Editor’s note: The U.S.-China Perception Monitor recently sat down with Professor Minxin Pei of Claremont McKenna College to discuss a host of important issues in U.S.-China relations, including TikTok, China’s economy, and the prospect of a second Trump Presidency. Professor Pei is a frequent commentator on Bloomberg News. His research focuses on governance in China, U.S.–East Asia relations, as well as democratization in developing nations. His latest book is The Sentinel State Surveillance and the Survival of Dictatorship in China.

China recently coined a new term referring to its economic development: “New Quality Productive Forces. What is your take on this?

I think advocating for higher productivity in various industries is not a problem. According to China’s current definition of new quality productive forces, it aims to develop high-tech manufacturing, update the industrial supply chain, and achieve self-sufficiency and security. The problem with this policy is that it covers a narrow scope. The issue China needs to consider now is whether future development should focus on the manufacturing or service industries.

According to economic data, China has already begun deindustrialization. More than 20 years ago, industry accounted for over 50% of China’s GDP, but now it has dropped to below 40%. This is a trend. From the perspective of increasing people’s income, developing the service industry is definitely more effective. The primary reason for developing high-tech manufacturing now is to address national security issues. However, China should not put all its eggs in one basket. The country must understand that while developing high-tech manufacturing solves security problems, it cannot meet economic demands.
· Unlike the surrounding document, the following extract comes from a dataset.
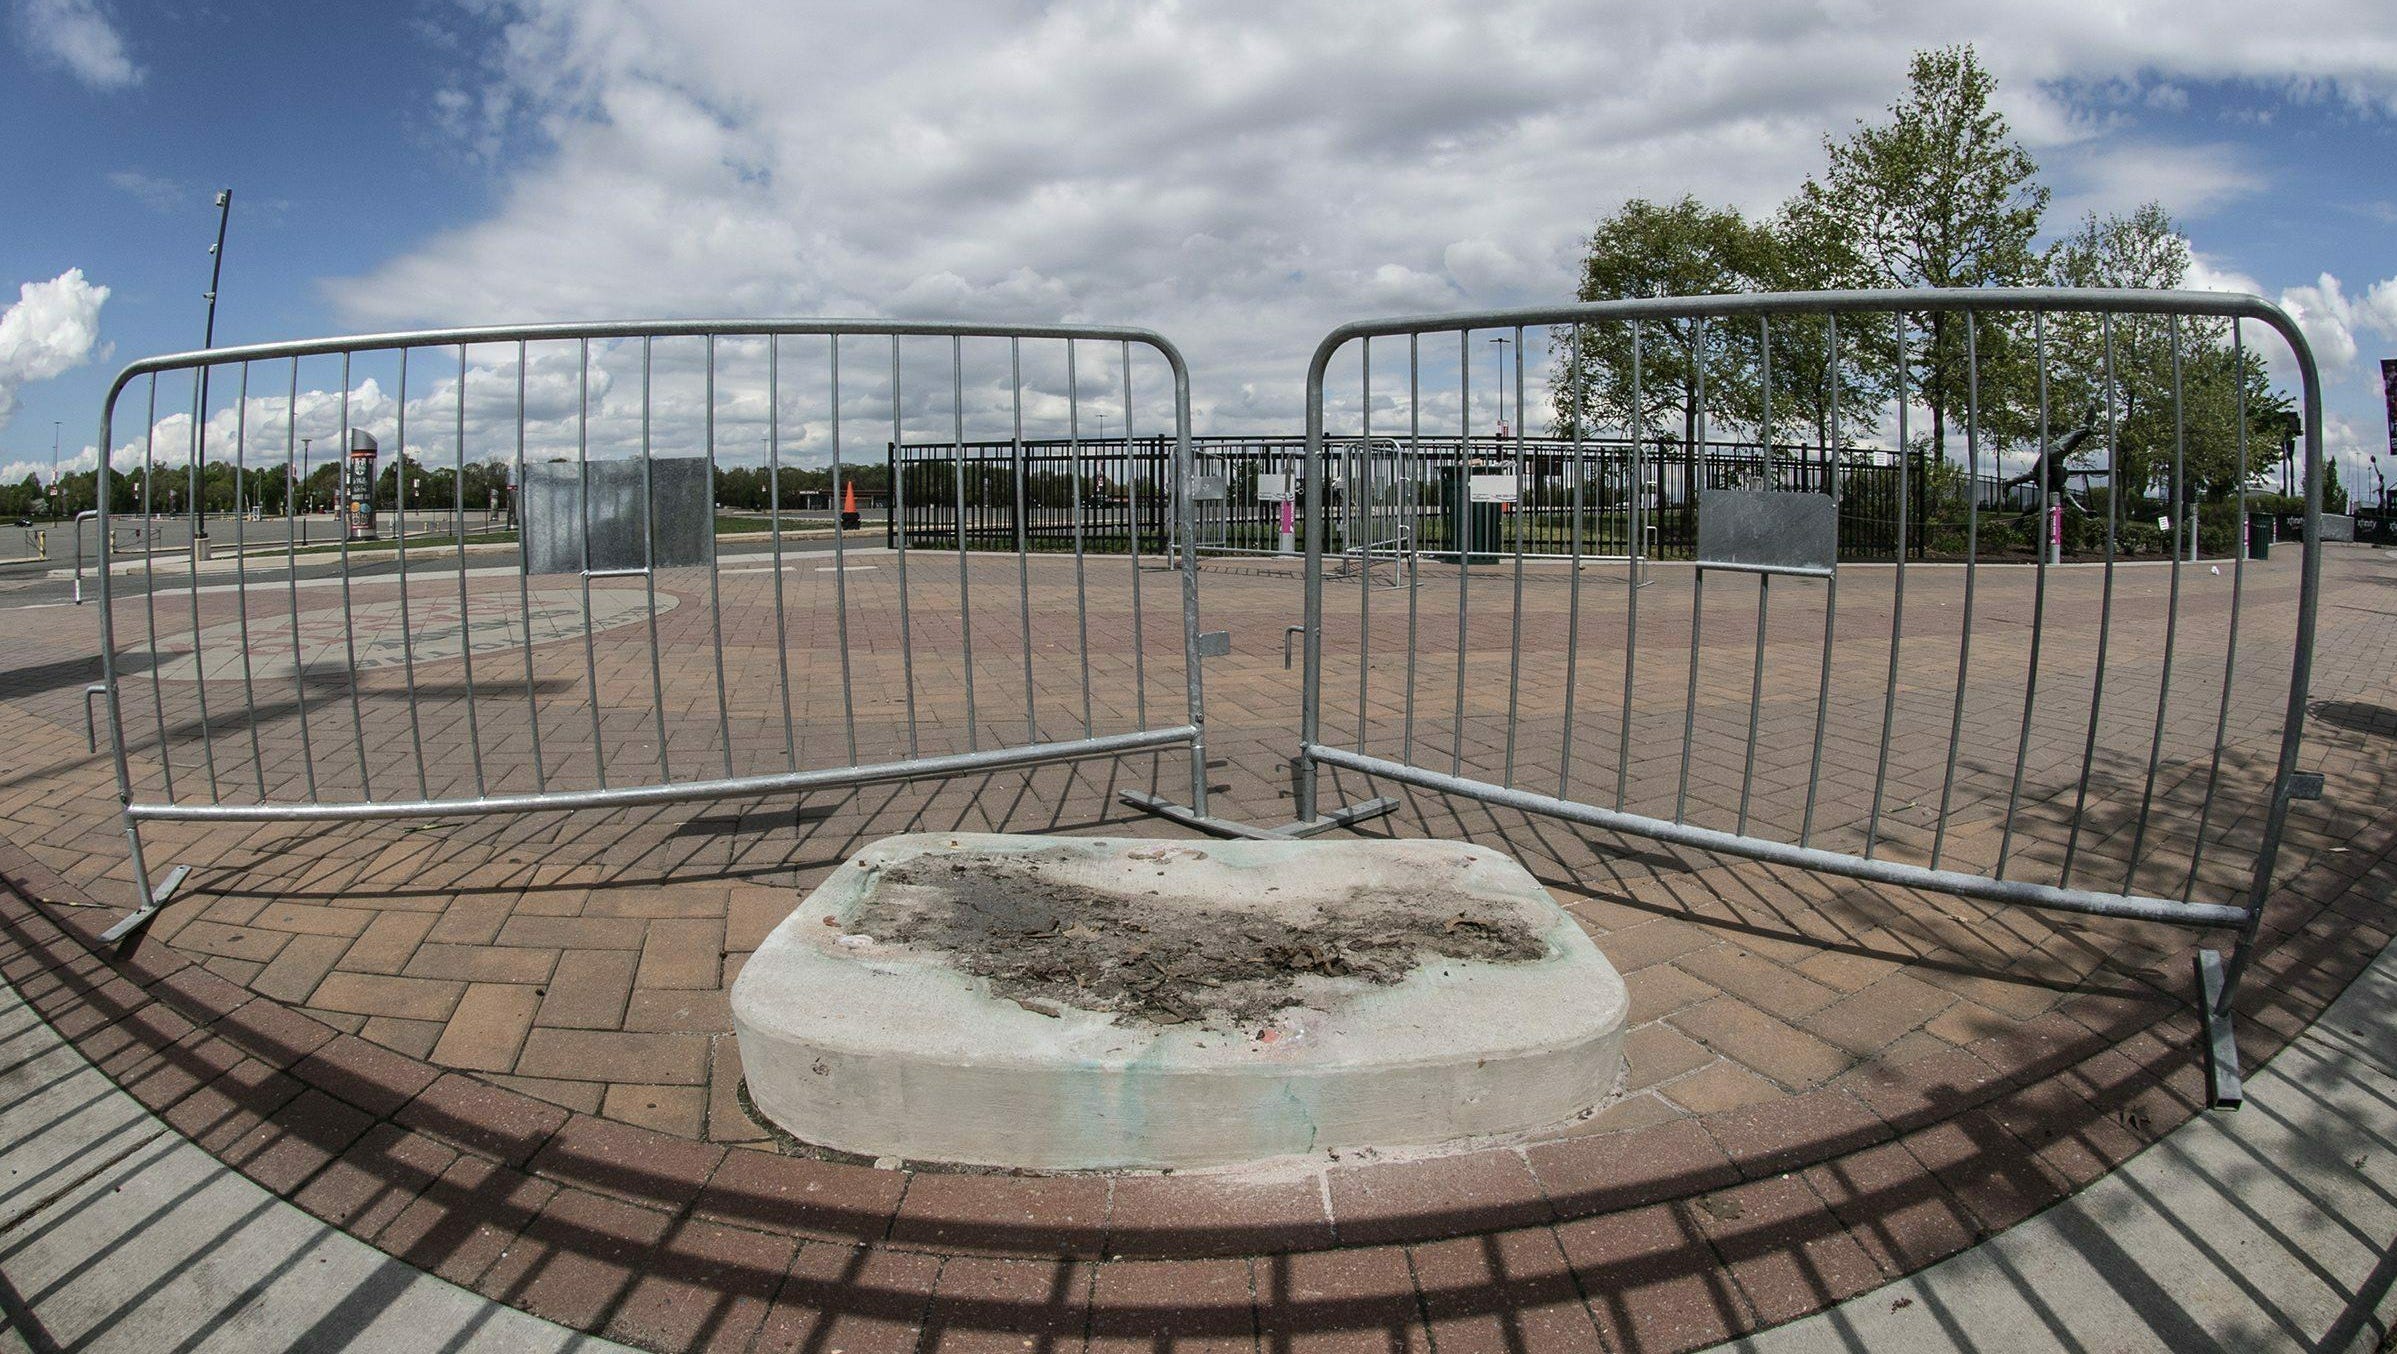 A concrete stand is all that’s left where the statue of Kate Smith was displayed at Xfinity Live near the sports stadium in South Philadelphia. Sunday, April 21, 2019. The Philadelphia Flyers have removed a statue of late singer Kate Smith outside NHL team's arena.

You recently wrote a commentary in Bloomberg saying that if Trump is re-elected, China should invest in some “Trump insurance” and prepare in advance. What are some ways China can prepare in the case of a second Trump Presidency?

There is very little China can do, mainly depending on whether Trump fulfills his current promises regarding his policy towards China. For example, in terms of economy and trade, he threatened to cancel normal trade relations with China and impose a 60% tariff on Chinese products, whereas the current tariff is around 25-30%. If that were to happen, it would have a significant impact on China’s economy and also the U.S. economy.

It is believed that Trump may bring back Robert Lighthizer, the former trade representative responsible for the trade war. Therefore, if Trump takes office again, the trade war and high-tech war will be even more damaging than they are now.

As China prepares for this prospect, it can consider several options. First, stick to negotiations. Negotiations can at least buy time and allow understanding of the other side’s bottom line – for example, to see if the U.S. really does not want to do any business with China anymore, or if it’s just a bluff.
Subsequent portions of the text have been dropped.